Overall, the longitudinal cortical network analysis revealed an increase in local and modular connections over 12 months in patients with MS. These longitudinal changes were attested both in patients with NEDA and in patients with EDA, indicating continuous cortical reorganization independent of disease activity. This local and modular cortical reorganization was not detected in HCs over the same period of time. Similar network alterations were seen even at shorter periods of follow up already at a timespan of less than 12 months in an independent patient cohort.

Longitudinal network changes

In the case of the local network measures, we found that modularity, clustering coefficient, local efficiency, and transitivity characterizing local connectivity properties (based on 20 density values per group per time point) increased over 1 year in patients (Figure 3).

Figure 3.

Figure 3.

Longitudinal network measures of multiple sclerosis (MS) patients and healthy controls.

The plots show the estimated mean and standard deviation values at the two time points for the measures clustering coefficient, modularity, local efficiency, and transitivity for the cortical thickness analyses (**p < 0.001).

Modularity increased between baseline and 12 months in patients (F(1,38) = 8.472, p < 0.001; [post hoc: p < 0.001]), but no significant differences were detected in HCs (F(1,38) = 1.685, p > 0.05). This longitudinal increase suggests cortical reorganization towards a structure with stronger intramodular connections and increased local homogeneity, indicated by more connections within a module than expected by chance.

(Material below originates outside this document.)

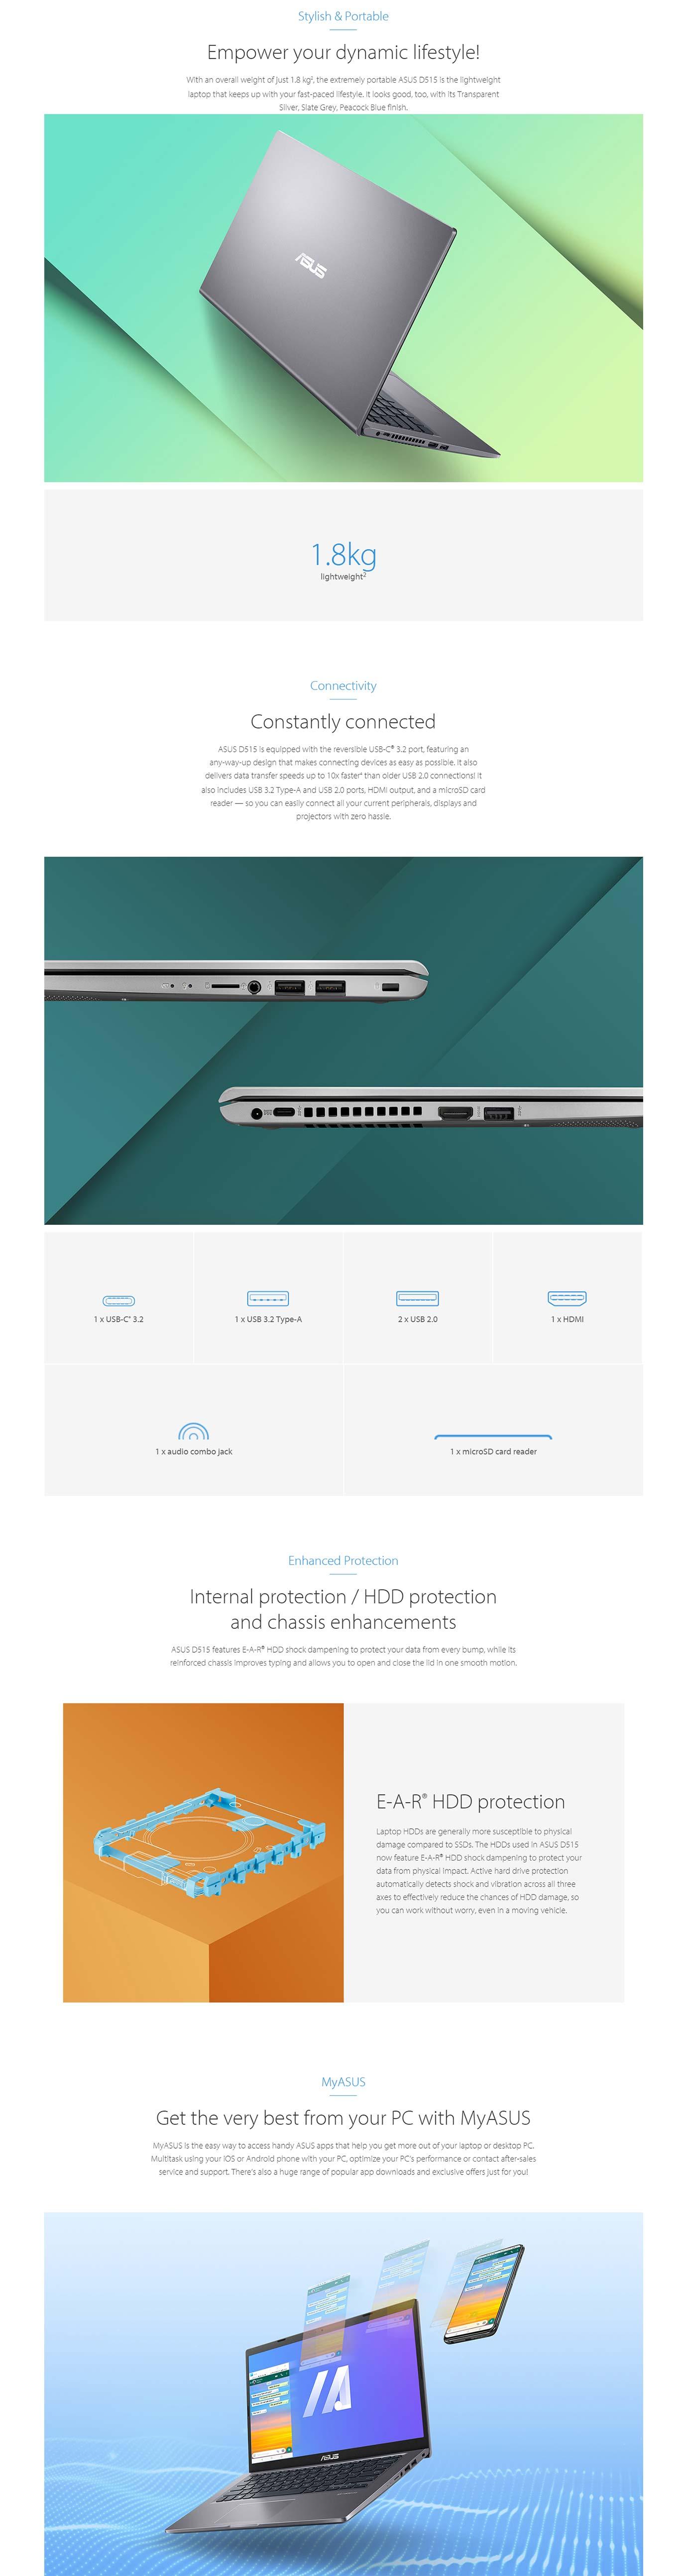 Asus D515DA Laptop

For the network measure clustering coefficient, ANOVA revealed an increase in patients over time (F(1,38) = 6.475, p < 0.001; [post hoc: p < 0.001]), whereas there was no difference in HCs (F(1,8) = 1.378, p > 0.05). Increased clustering coefficient indicates local pathology spreading and homogenization in neighboring regions. This increase in local clusters was seen in the temporal (middle temporal gyrus and hippocampus), occipital (cuneus and calcarine cortex), and parietal (precuneus) lobes. Clusters with the highest increase in clustering coefficient (above the 95th percentile) are shown in Figure 4 and Table 2.

Figure 4.

Figure 4.

Topological representation of restructured clusters.

Topological representation of clustering coefficient changes between baseline (0 months) and the last time point (12 months). Regions with the highest clustering coefficient changes over time (only clusters above the 95% confidence interval are shown) as a marker of local reorganization.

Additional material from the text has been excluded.